この提案によれば、低抵抗状態を持つ第一の結晶相(SET相)と高抵抗状態を持つ第二の結晶相(RESET相)とを電流パルスを前記積層構造体に加えることで発生させ、構成合金の融点を経ることなく融点未満の温度で結晶-結晶間相転移を実現することで、従来比で1/10以下の省電力化が達成される。
前記積層構造型相変化メモリでは、GeTe合金層にあるGe原子の原子価を隣接するTe原子の位置と交換することで、高抵抗状態結晶相と低抵抗状態結晶相とを往来させ、ON-OFF状態を得ることを記録原理とする。
前記GeTe合金層は、Ge原子とTe原子とが上下交互に配置された凸凹状の原子層を形成しており、前記原子層一層の厚みは、約0.4nmである。
この原子層が二枚重ねられた状態の前記GeTe合金層では、層の厚み方向での配列の仕方により、4通りの配列をとり得る。具体的には、層の底面側から厚み方向に向けた順で、Ge-Te-Ge-Te配列(図1参照)と、その逆配列であるTe-Ge-Te-Ge配列(図1中の両矢印参照)と、Ge-Te-Te-Ge配列(図2参照)と、Te-Ge-Ge-Te配列(図3参照)との4通りの配列が存在する。特に、Ge-Te-Ge-Te配列(図1参照)は、更に成長が可能で、Ge-Te-Ge-Te-Ge-Te・・・のように繰返し数を増やすことができ、その結晶構造は、立方晶である(非特許文献4参照)。
なお、図1は、低抵抗状態の積層構造体の例を示す模式図(1)であり、図2は、低抵抗状態の積層構造体の例を示す模式図(2)であり、図3は、高抵抗状態の積層構造体の例を示す模式図である。各図中、「◆」は、Te原子を示し、「▼」は、Ge原子を示し、「▲」は、Sb原子を示しており、以降の図においても同様である。
前記Sb2Te3合金層は、図1~図3に示すように、層の底面側から厚み方向に向けた順で、Te-Sb-Te-Sb-Te配列を持つ。また、前記Sb2Te3合金層は、層内のTe原子とSb原子とが共有結合によって強く結合し、六方晶の結晶構造を持つ(非特許文献4参照)。
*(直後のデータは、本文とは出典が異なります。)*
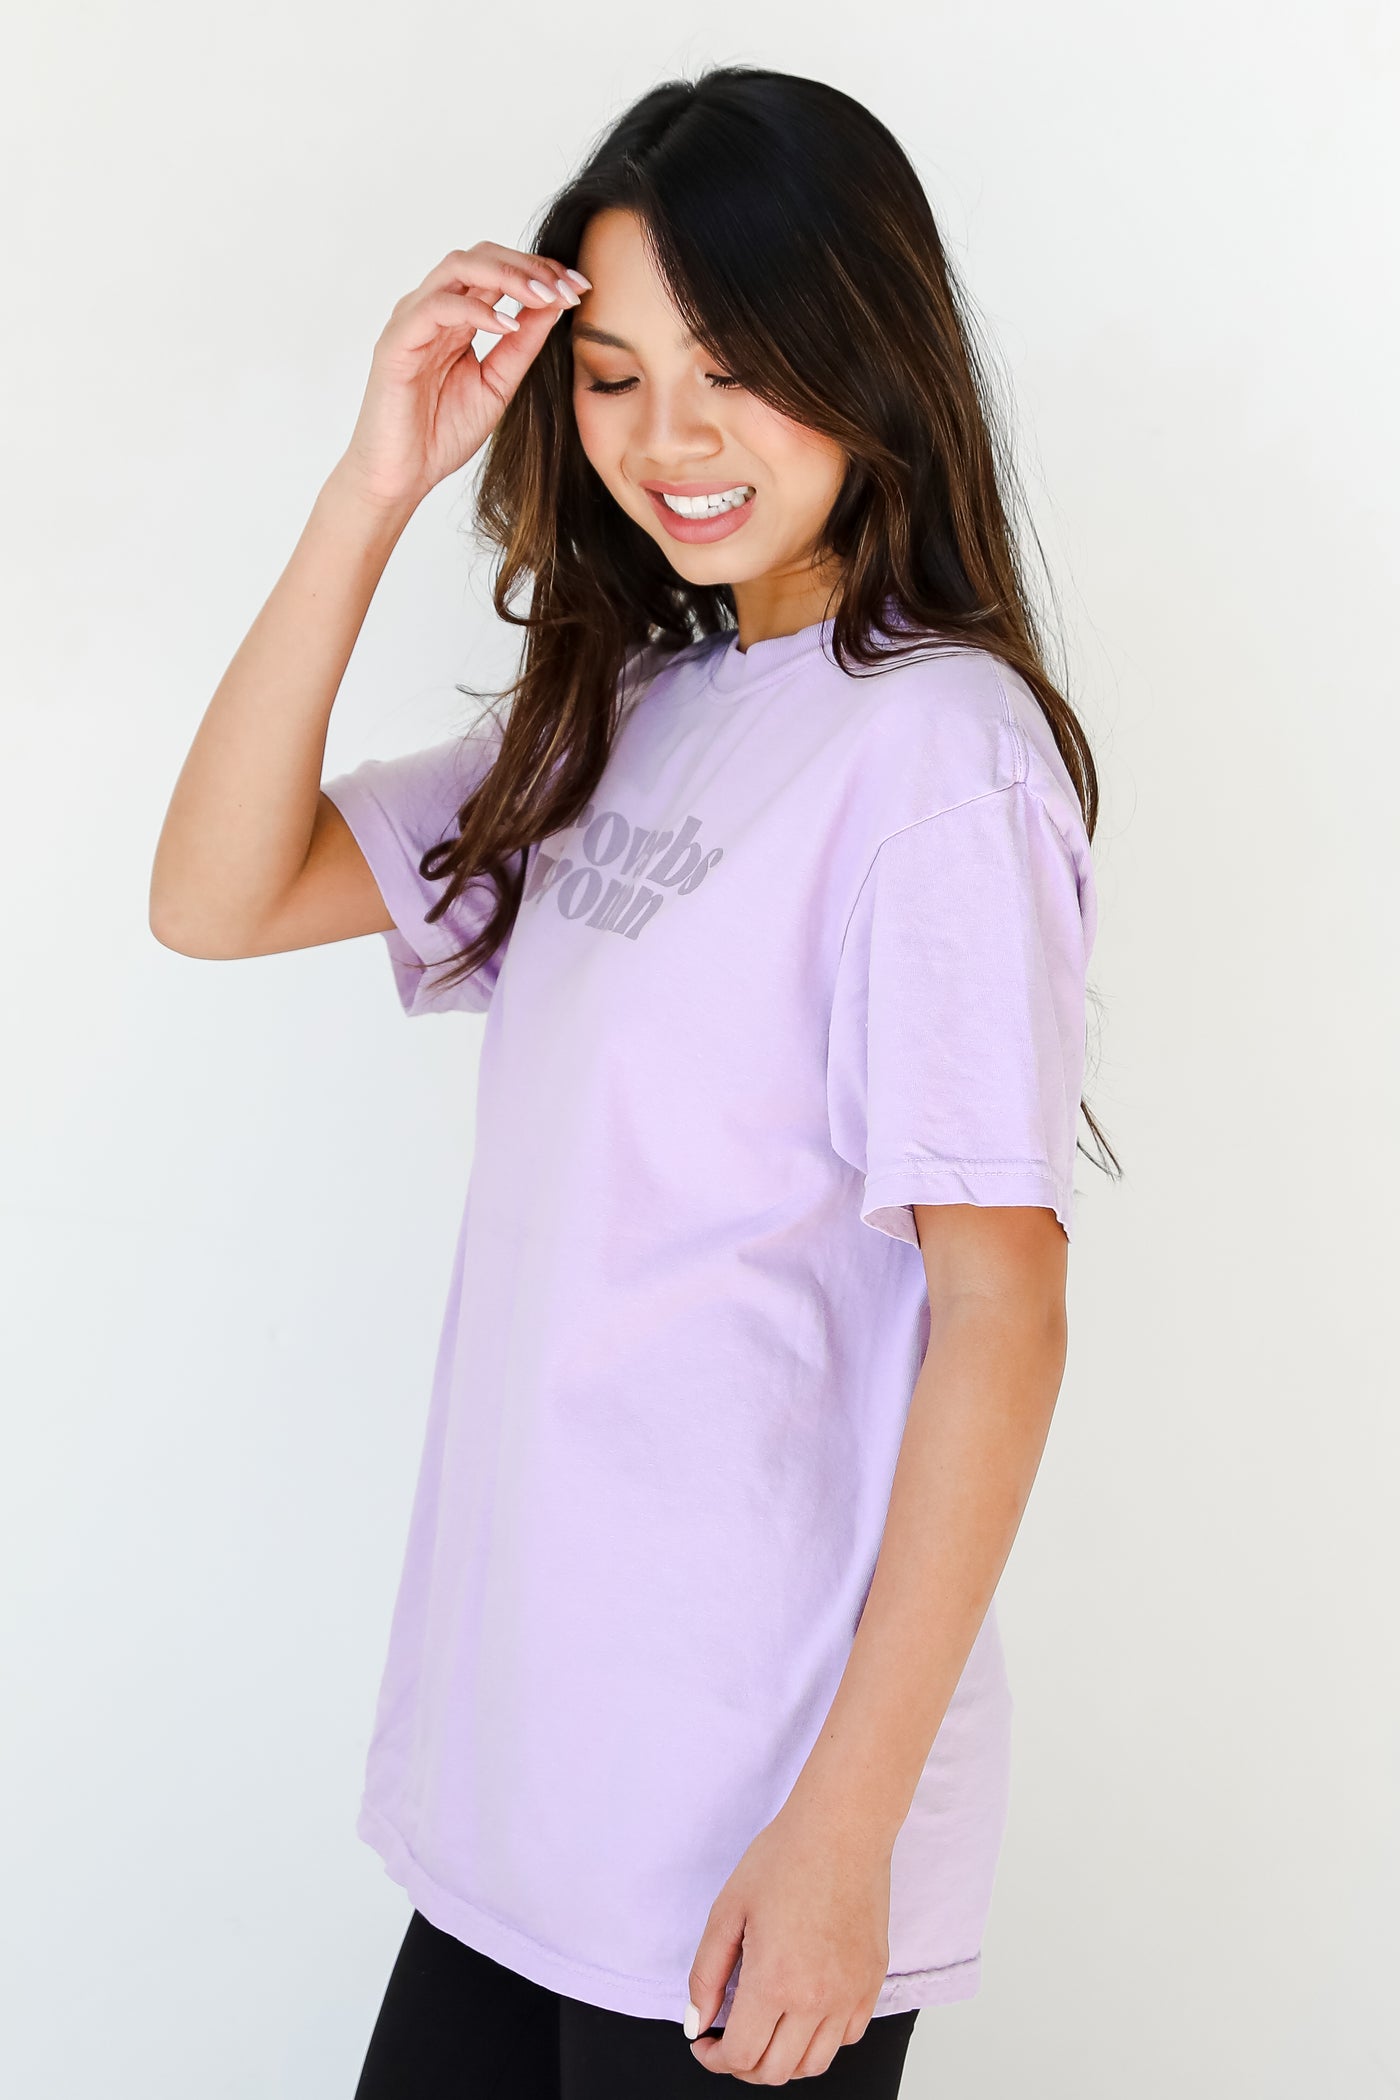 Lavender Proverbs Woman Tee side view

なお、以下では、前記Sb2Te3合金層の構成単位となる前記5原子層のことをQL(quintuple layer)と称する。
また、前記GeTe合金層と前記Sb2Te3合金層とでは、Te原子同士がファンデルワールス結合によって弱く結合し(特許文献1、非特許文献4参照)、実際に作製した前記積層構造体に対する断面透過電子顕微鏡写真による解析結果も報告されている(非特許文献5参照)。
なお、図1~3中の横線は、前記ファンデルワールス結合が作用する界面を示しており、以降の図においても同様である。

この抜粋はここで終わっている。